On Thursday night, we arrived at a local host church in Lake Charles, where we were greeted by a team of chaplains, Samaritan’s Purse employees, and [primarily] volunteers, many of which had traded Florida retirement homes and brick and mortar altogether for a Puma trailer and some power tools. By no coincidence, one of these volunteers was a familiar face to many of our team members, our foreman from last year’s trip to Vidor, Texas. As we sat down with him to catch up and get oriented over tea, he reflected on his several years volunteering for the organization and made the statement that “for many, the storm was the nut that cracked the storm already raging within them.” He holds the stories of hundreds of homeowners who, in the face of their loss, stood face to face with their emptiness. Whether the end that Hurricane Laura brought them to was grief over a separate bout of adversity or their overall inability to control their circumstances, it led many to see their brokenness in some capacity.

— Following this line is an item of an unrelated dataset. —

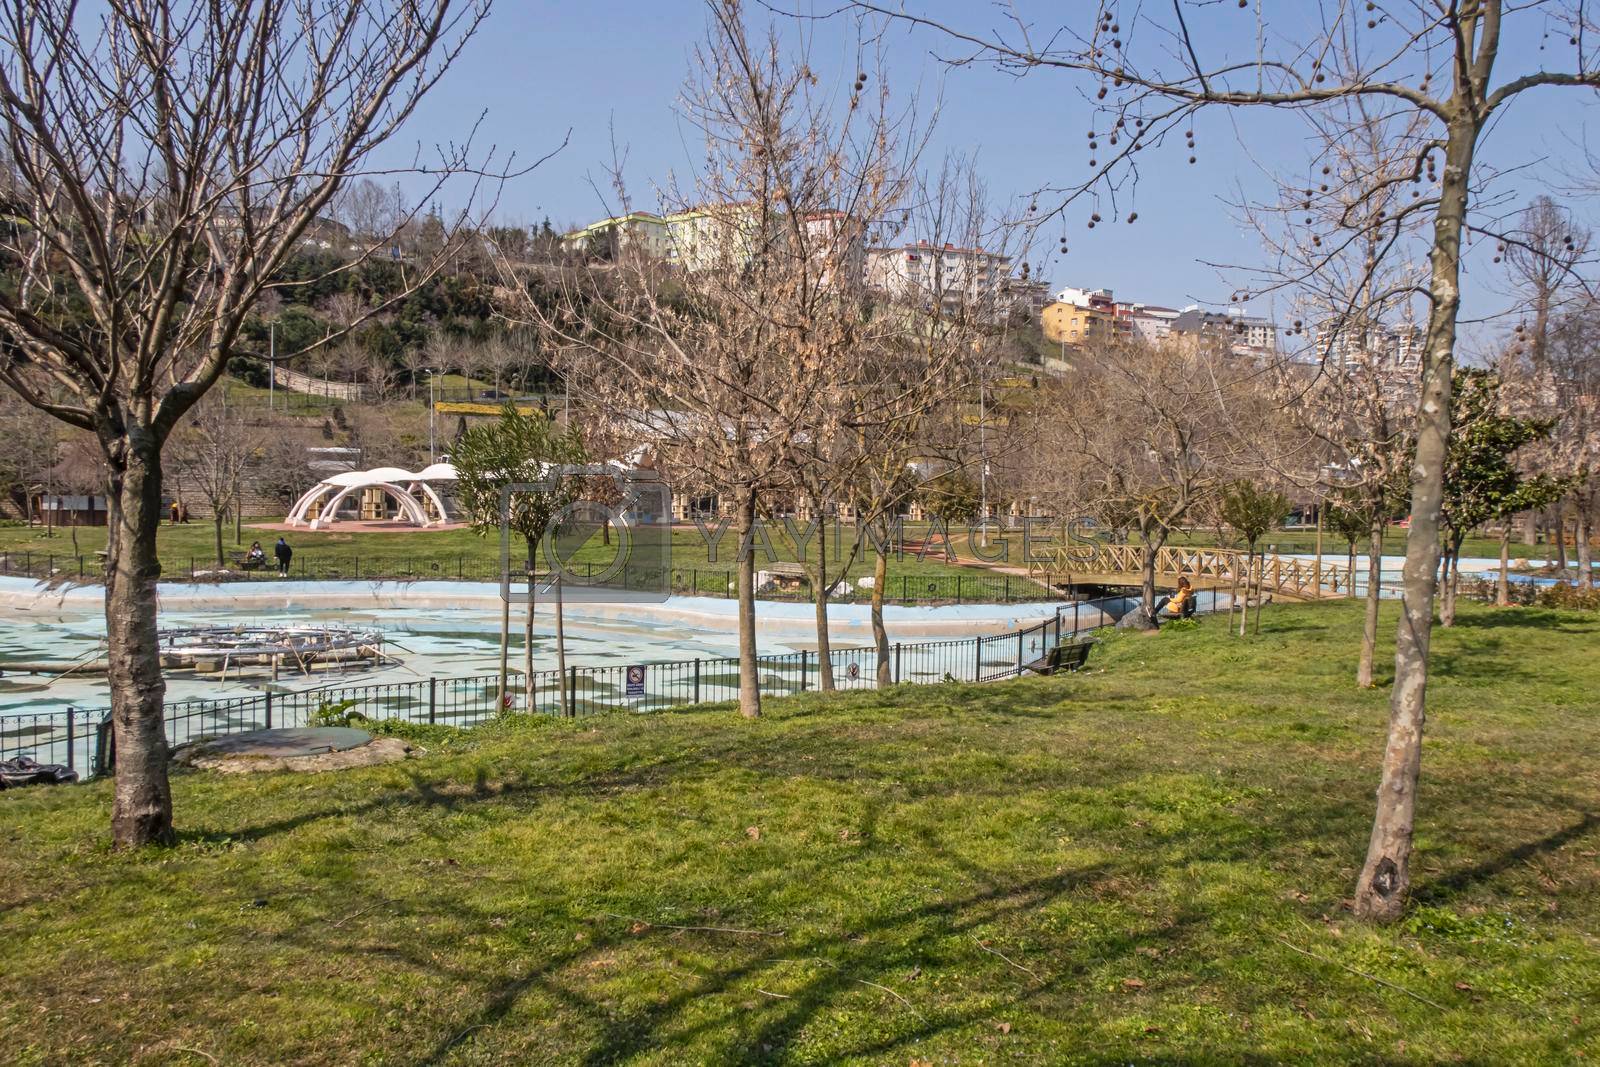 Kagithane,istanbul,Turkey-March 25,2022.Kagithane district on the shore of the Golden Horn with its green parks, historical and modern buildings.

This translates across any context of suffering; trials can strip us down and open our eyes to our need for a Savior in ways that a life of uninterrupted comfort and ease cannot (1 Peter 1:6-9). Sometimes it takes being externally broken for us to see how truly internally broken we are, and the storm was that catalyst for many, by the grace of God. We all have equally shaky foundations until we have rested wholly on the grace of Jesus Christ to ground us.


The word “home” holds so much weight. Regardless of where our hope is ultimately directed, there is still deep pain that can come with damage to or loss of the place where we rest our head. Those who partner with Samaritan’s Purse in disaster relief step into the homes of people for whom loss is fresh. We got to join families in the first steps of recovery and prepare for contractors to follow up and kick off the rebuilding process. Unfortunately, many houses have not been livable since the storm due to water damage that elicited rapid mold growth, so our job was to make the air safe again by removing visible mold and the structures to which it was attaching. We busted out walls and ceilings, pulled out nails and insulation, laid tarp on roofs, and most importantly, engaged with the homeowners, who we got to present with a Bible and pray over at the end of our time. We found abundant joy on this trip through their tearful gratitude as well as constant laughter and gospel conversations with one another.


While we don’t know every detail of the inner storm that the hurricane might have stirred up for those affected, we pray that each homeowner finds hope in Christ in the midst of pain. Paradox is written all over faith, and we don’t have to shy away from it because the coexisting ideas that qualify as paradoxical are only seemingly contradictory. There is actually immense peace to be found in the both/and. God is fully divine and fully man (John 1:14); Joy and suffering can walk hand in hand (Romans 5:3-5); We can lose everything and still have everything (Philippians 3:8-11); When we empty ourselves to love others, we are most full (Acts 20:35, John 13:12-14).